BEGIN RECORDED DATA
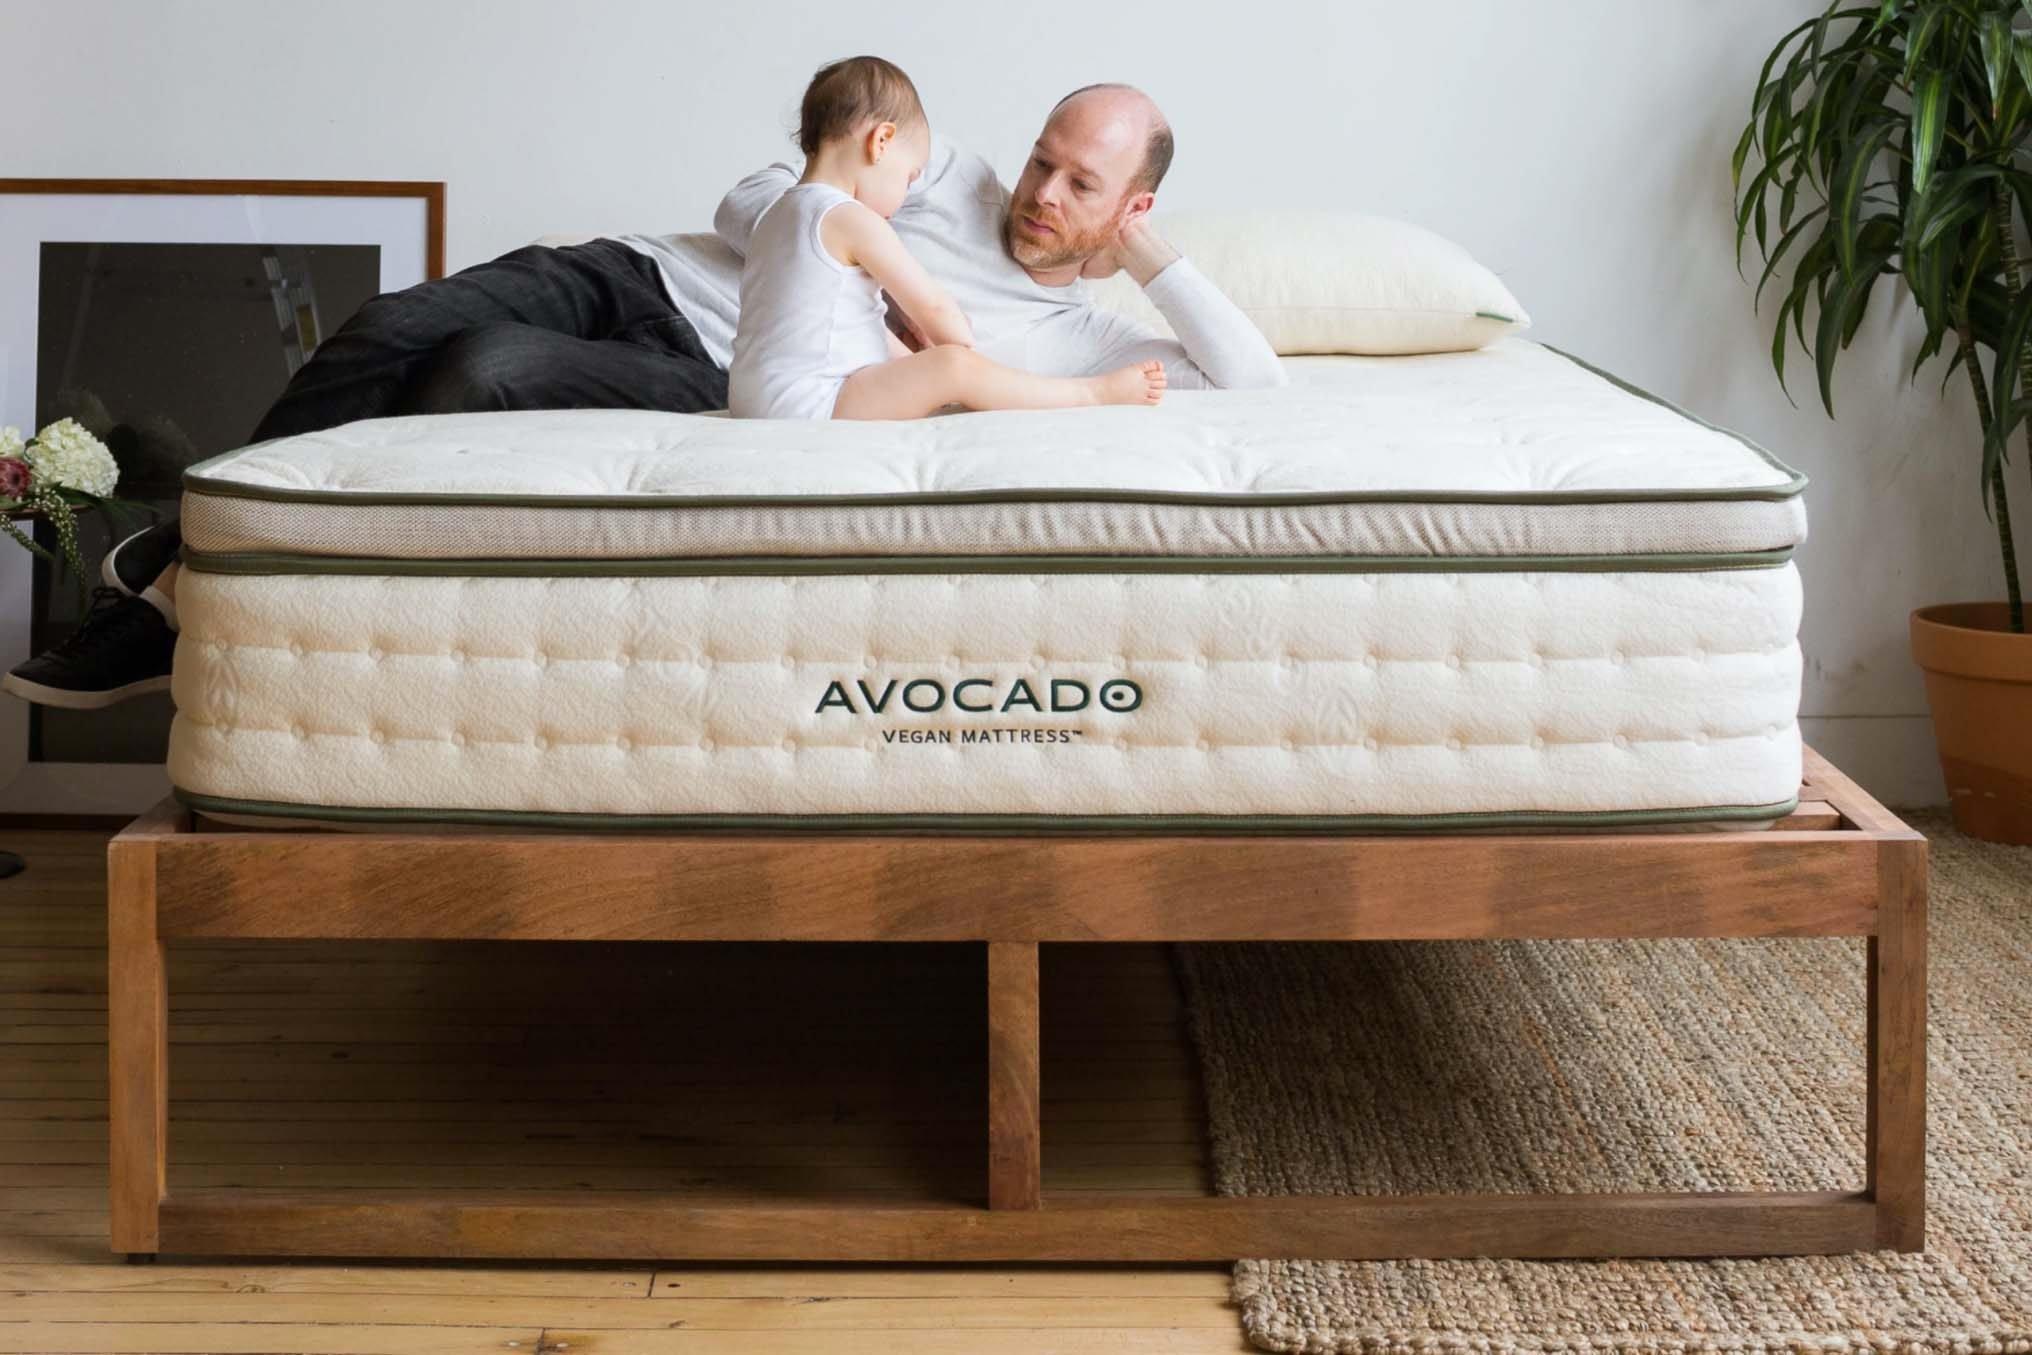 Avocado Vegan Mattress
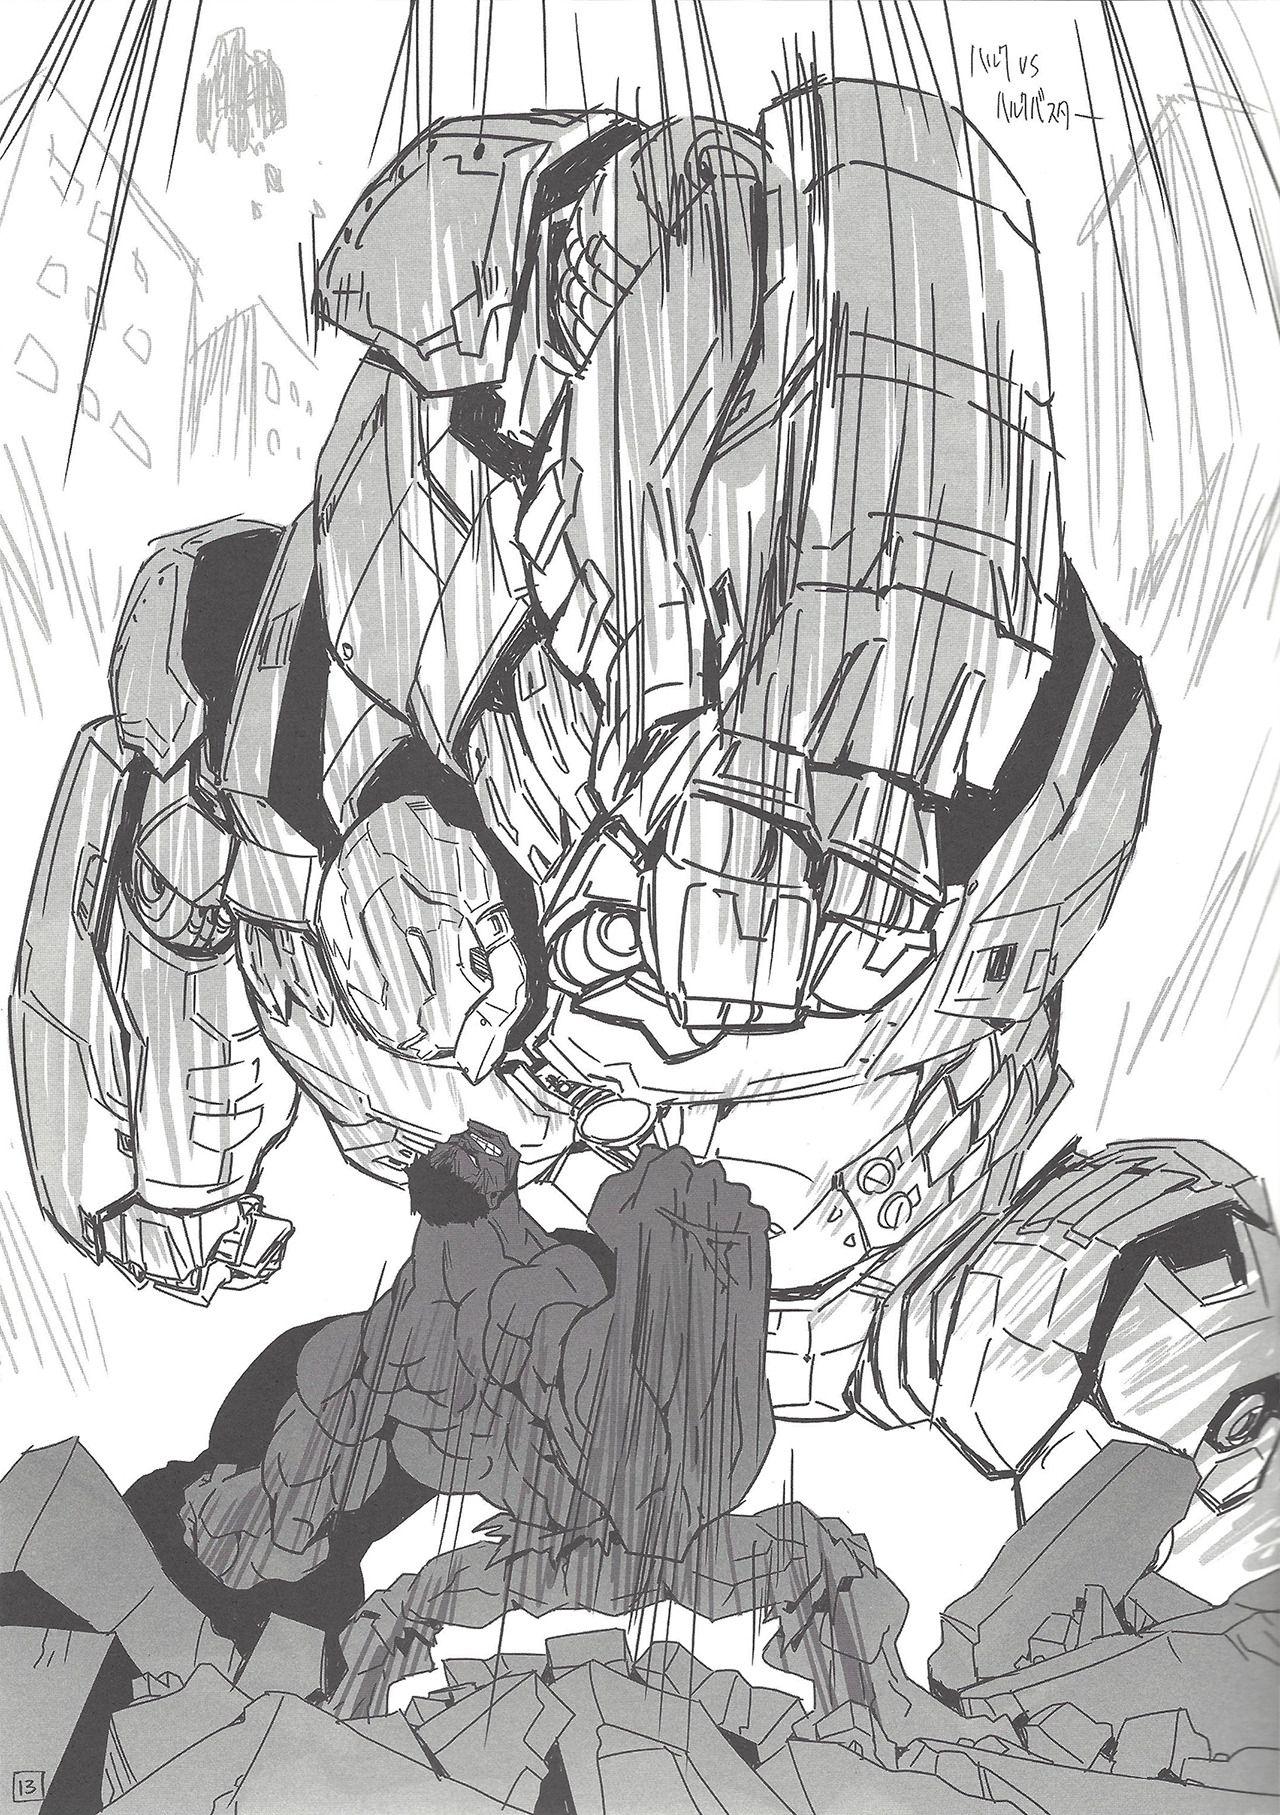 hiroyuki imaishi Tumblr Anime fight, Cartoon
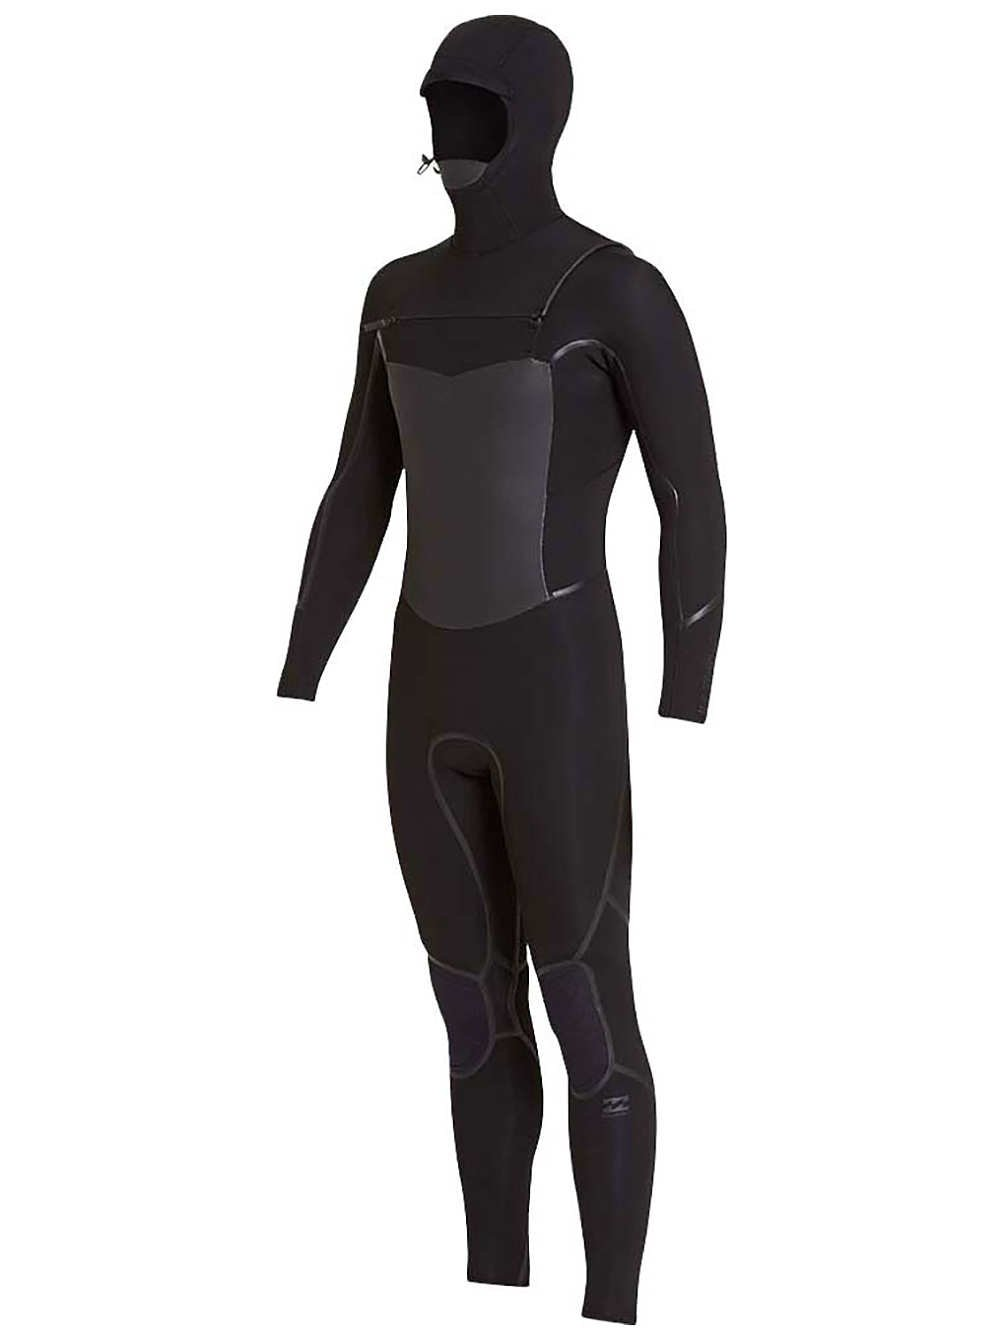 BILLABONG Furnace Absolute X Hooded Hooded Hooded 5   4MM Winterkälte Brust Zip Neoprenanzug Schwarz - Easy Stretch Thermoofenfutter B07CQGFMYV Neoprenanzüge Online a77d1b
END RECORDED DATA
WHAT IS NEEDED >>
Please return the listing above exactly and leave every picture out.

PROBLEM SOLUTION >>
 Avocado Vegan Mattress
 hiroyuki imaishi Tumblr Anime fight, Cartoon
 BILLABONG Furnace Absolute X Hooded Hooded Hooded 5   4MM Winterkälte Brust Zip Neoprenanzug Schwarz - Easy Stretch Thermoofenfutter B07CQGFMYV Neoprenanzüge Online a77d1b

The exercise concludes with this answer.